The directors’ obsession with movement (whether a scene calls for it or not) and saturated hues worked fine in the pulpy popcorn flick Nerve, but Project Power — that “PRAH-ject,” not “pro-JECT,” in case you’re wondering how to pronounce the awful title — pretends to something greater: questions of loyalty and morality and… you know, stuff like that. Squirrel!

The screenplay is essentially an endless chase-and-fight scene with pauses to showcase what the magic pills can do: a human torch! bulletproof skin! exploding bodies! a woman with Elsa’s powers from Frozen! It’s all familiar and all jumbled together to no effective purpose. If this is what an “Art-istic” superpowers movie looks like, please send me back to Marvel on the next plane out.

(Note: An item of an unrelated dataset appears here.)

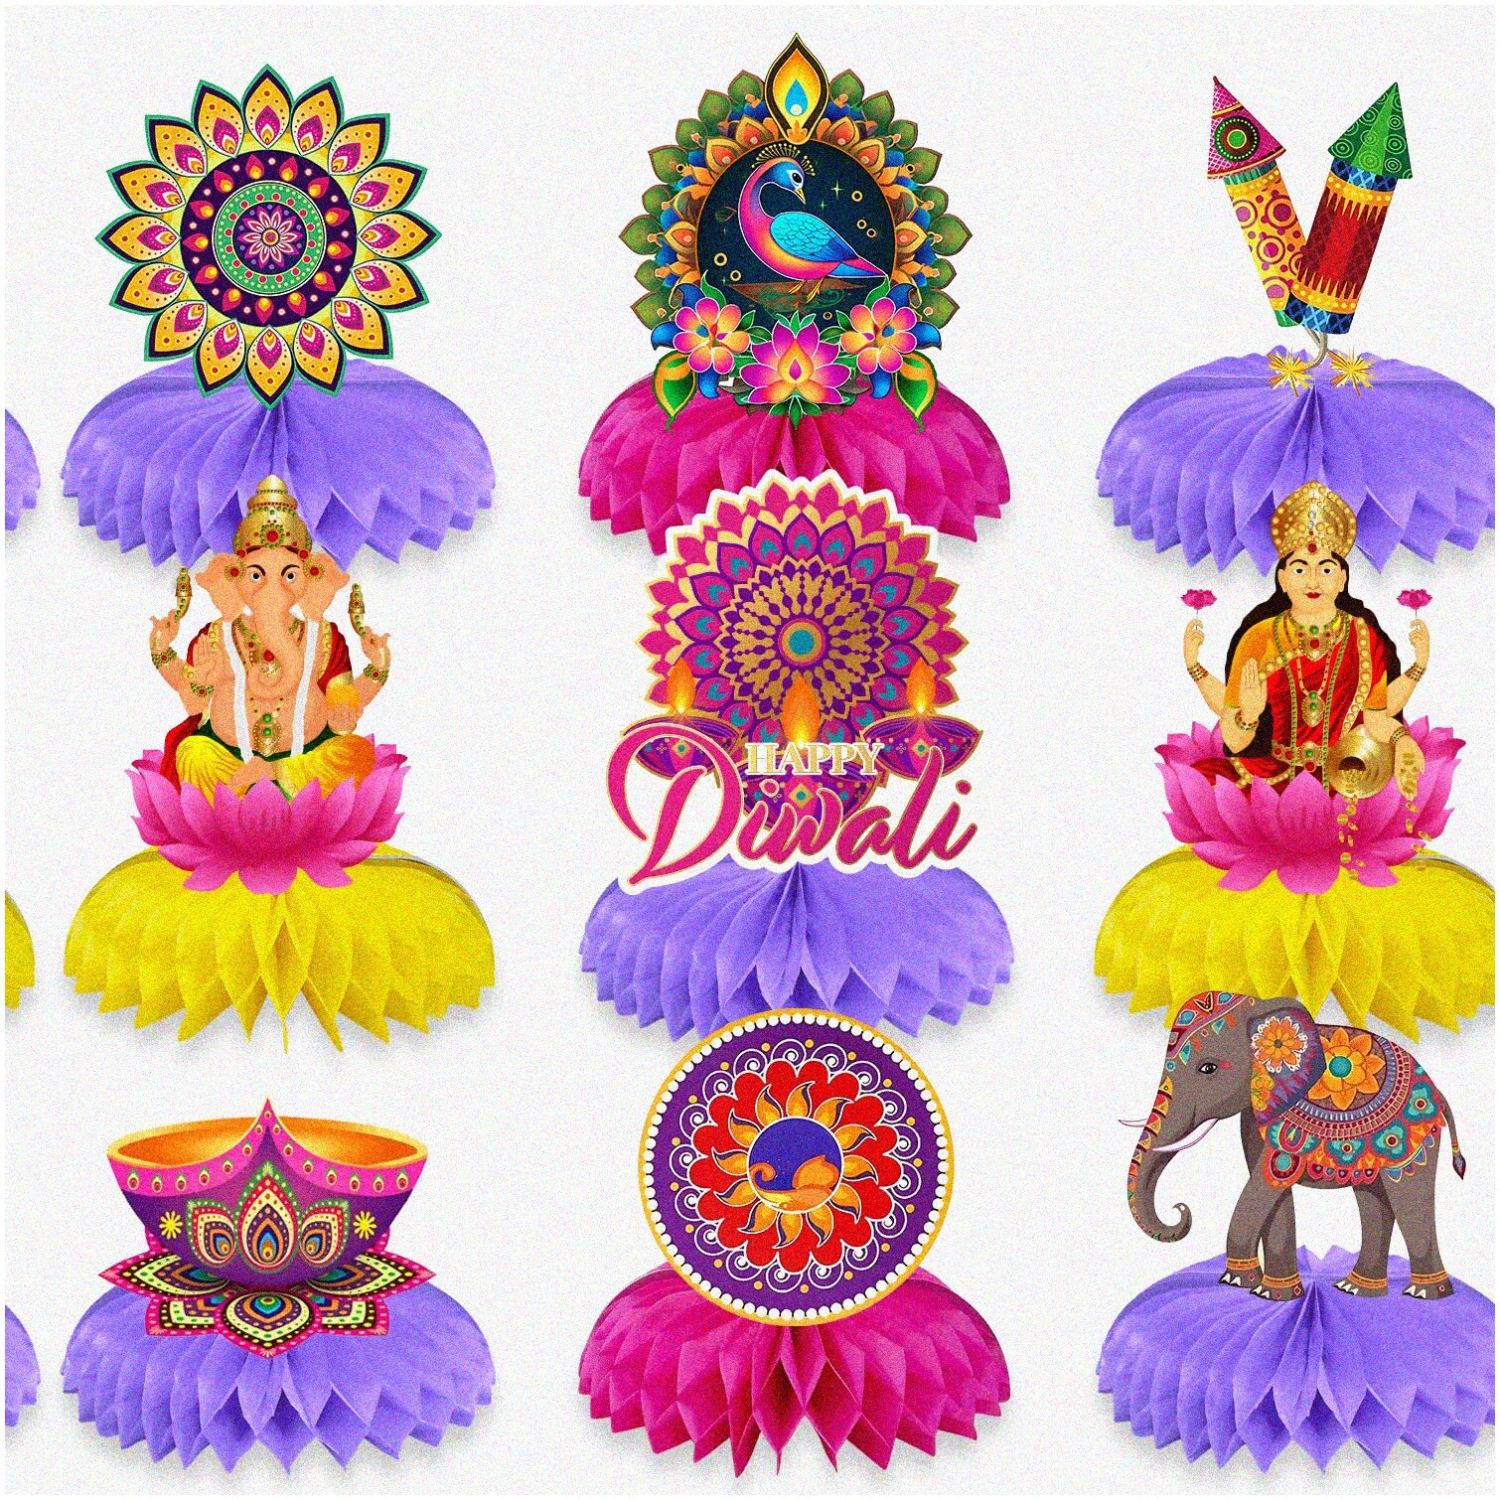 Diwali Delight Honeycomb Centerpieces - 9pcs Festive Table Decorations for India's Festival of Lights & Deepawali Party Décor.
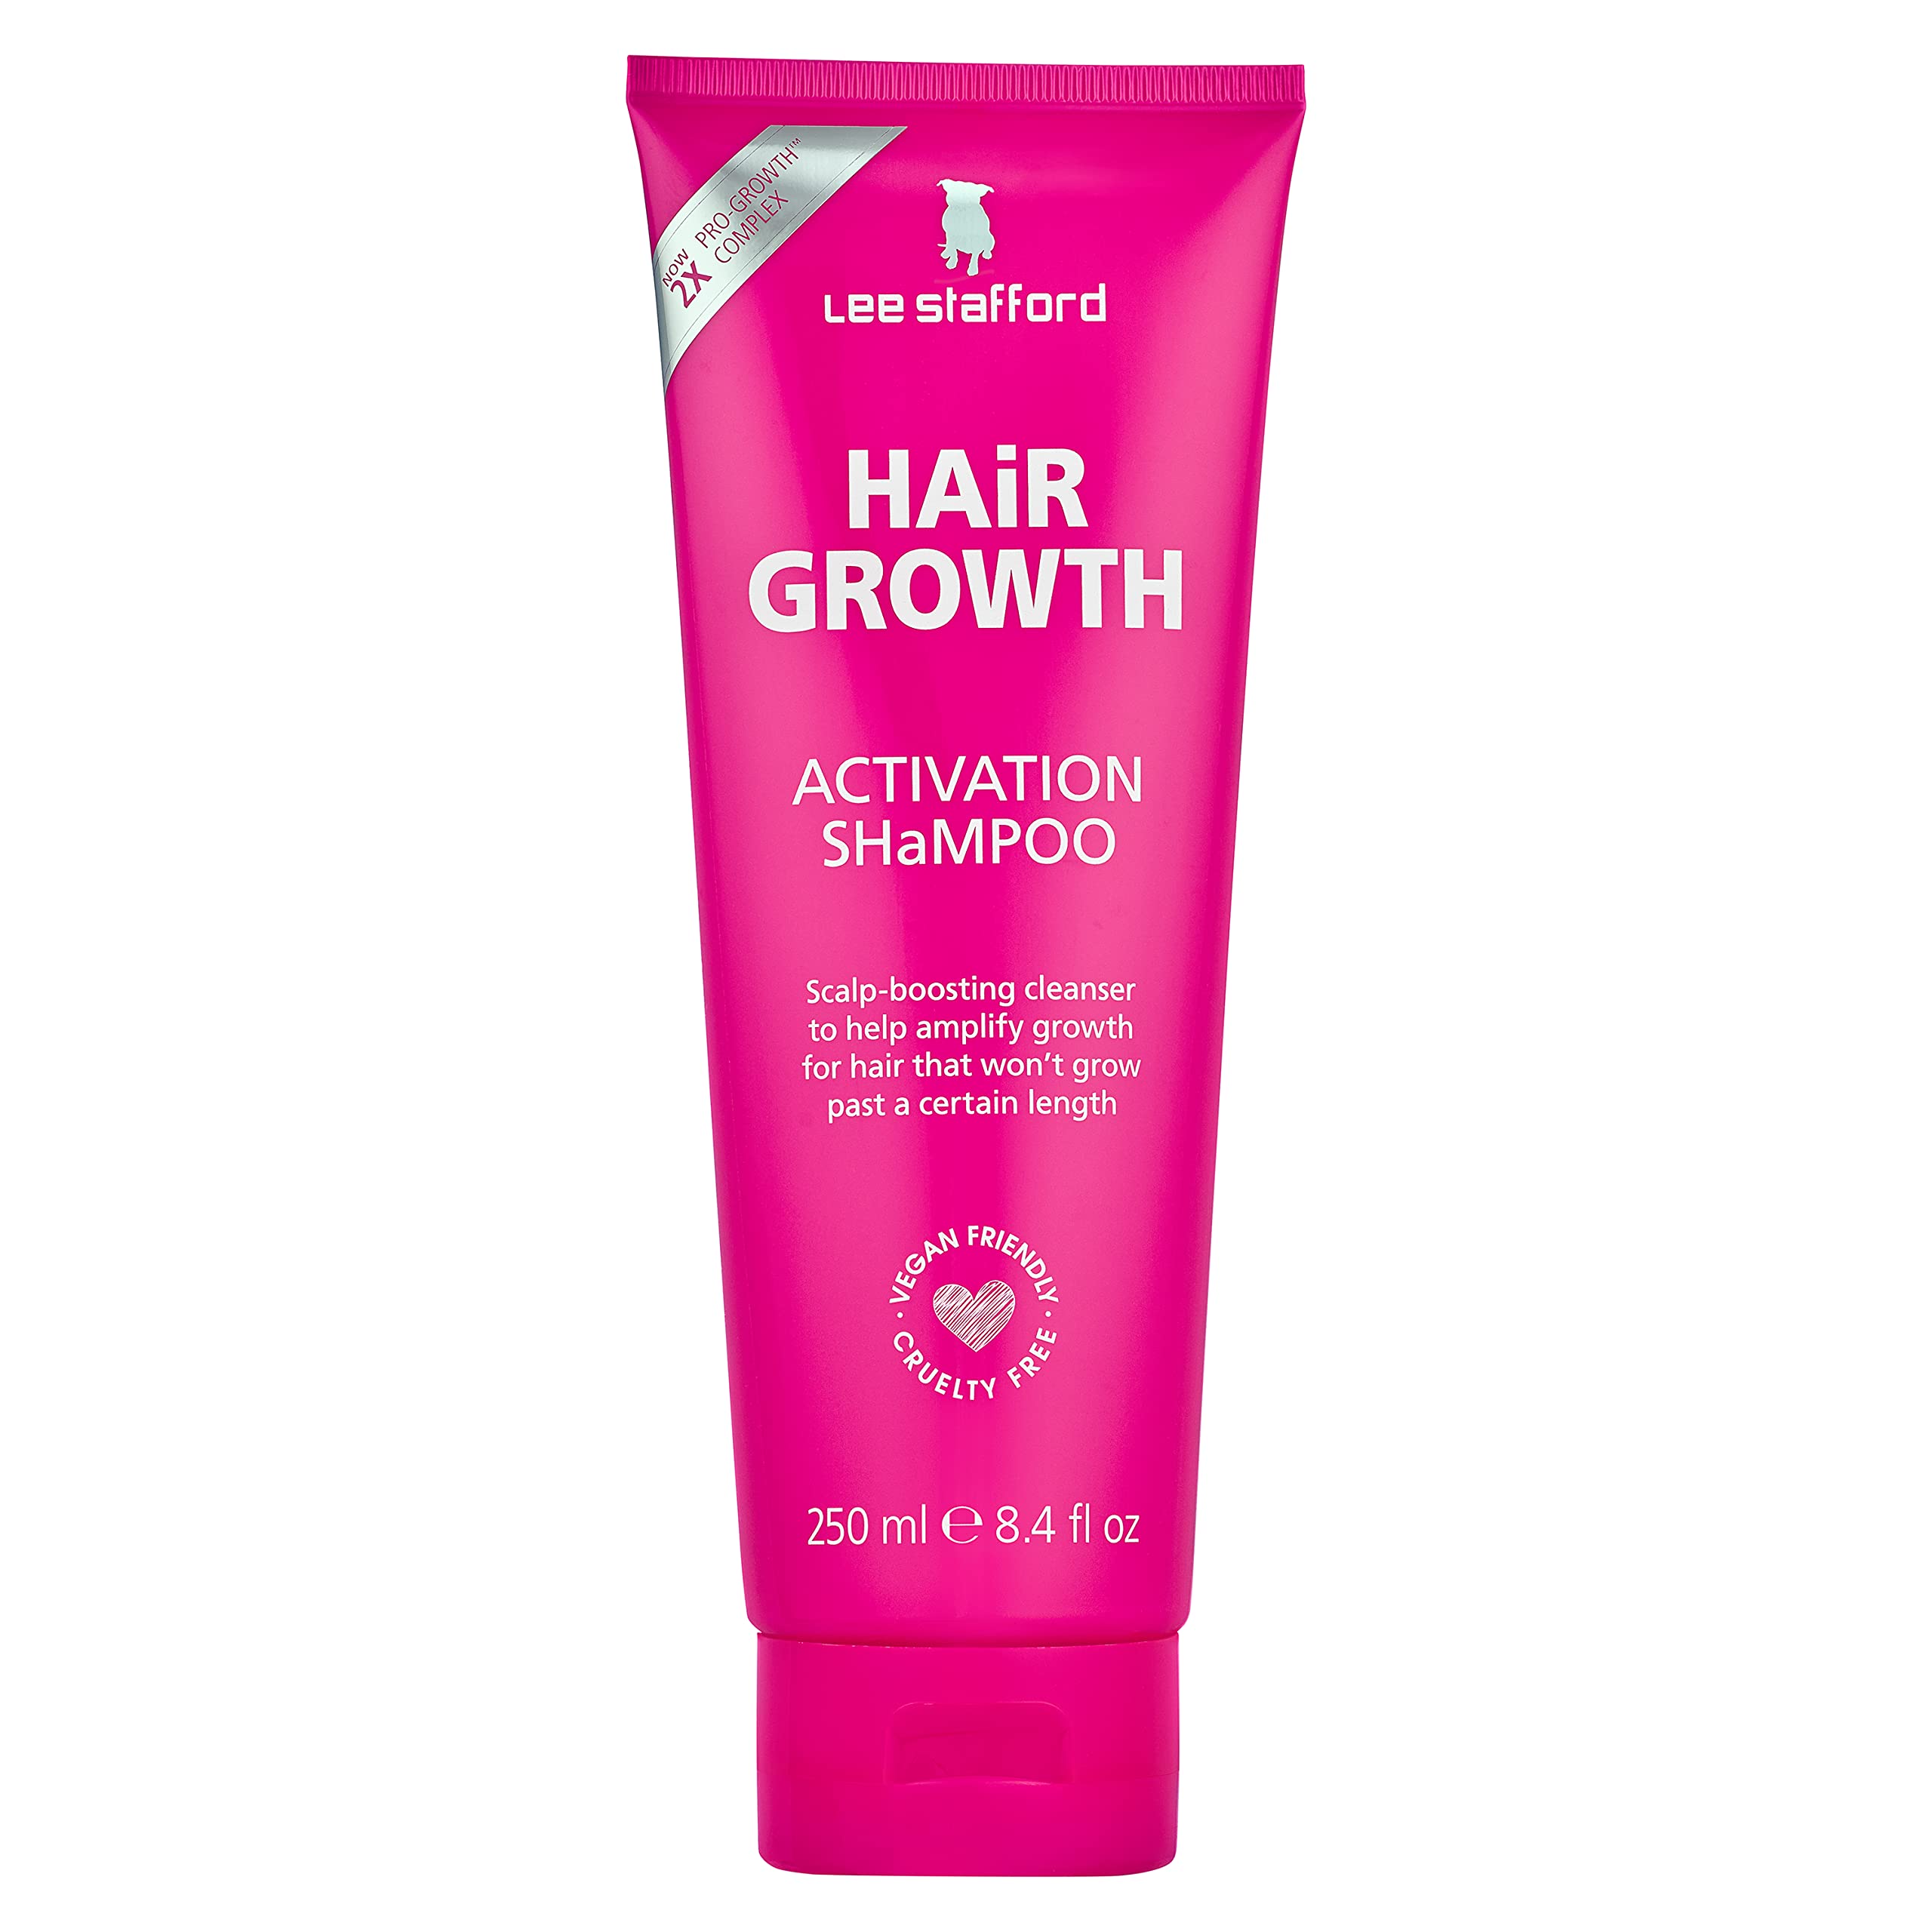 Lee Stafford Vegan Friendly Hair Growth Shampoo - 200ml | Hair Growth Treatment Containing PRO -GROWTH Complex to Encourage Hair Growth | Hair Products, Hair Loss Treatment for Women, 326411

Project Power does get points for showcasing the less touristy sides of New Orleans — cue throwaway reference to Hurricane Katrina — and its two stars retain some magnetism amid the tumult. But those are slim satisfactions. The whole affair is like watching someone play a violent videogame without sharing the controller — you can sort of follow what’s going on, but you’re not involved. Not surprisingly, Schulman and Joost’s next announced project is based on an actual videogame. They should do very well with that.

Grade: D-minus. Rated R. Now streaming on Netflix.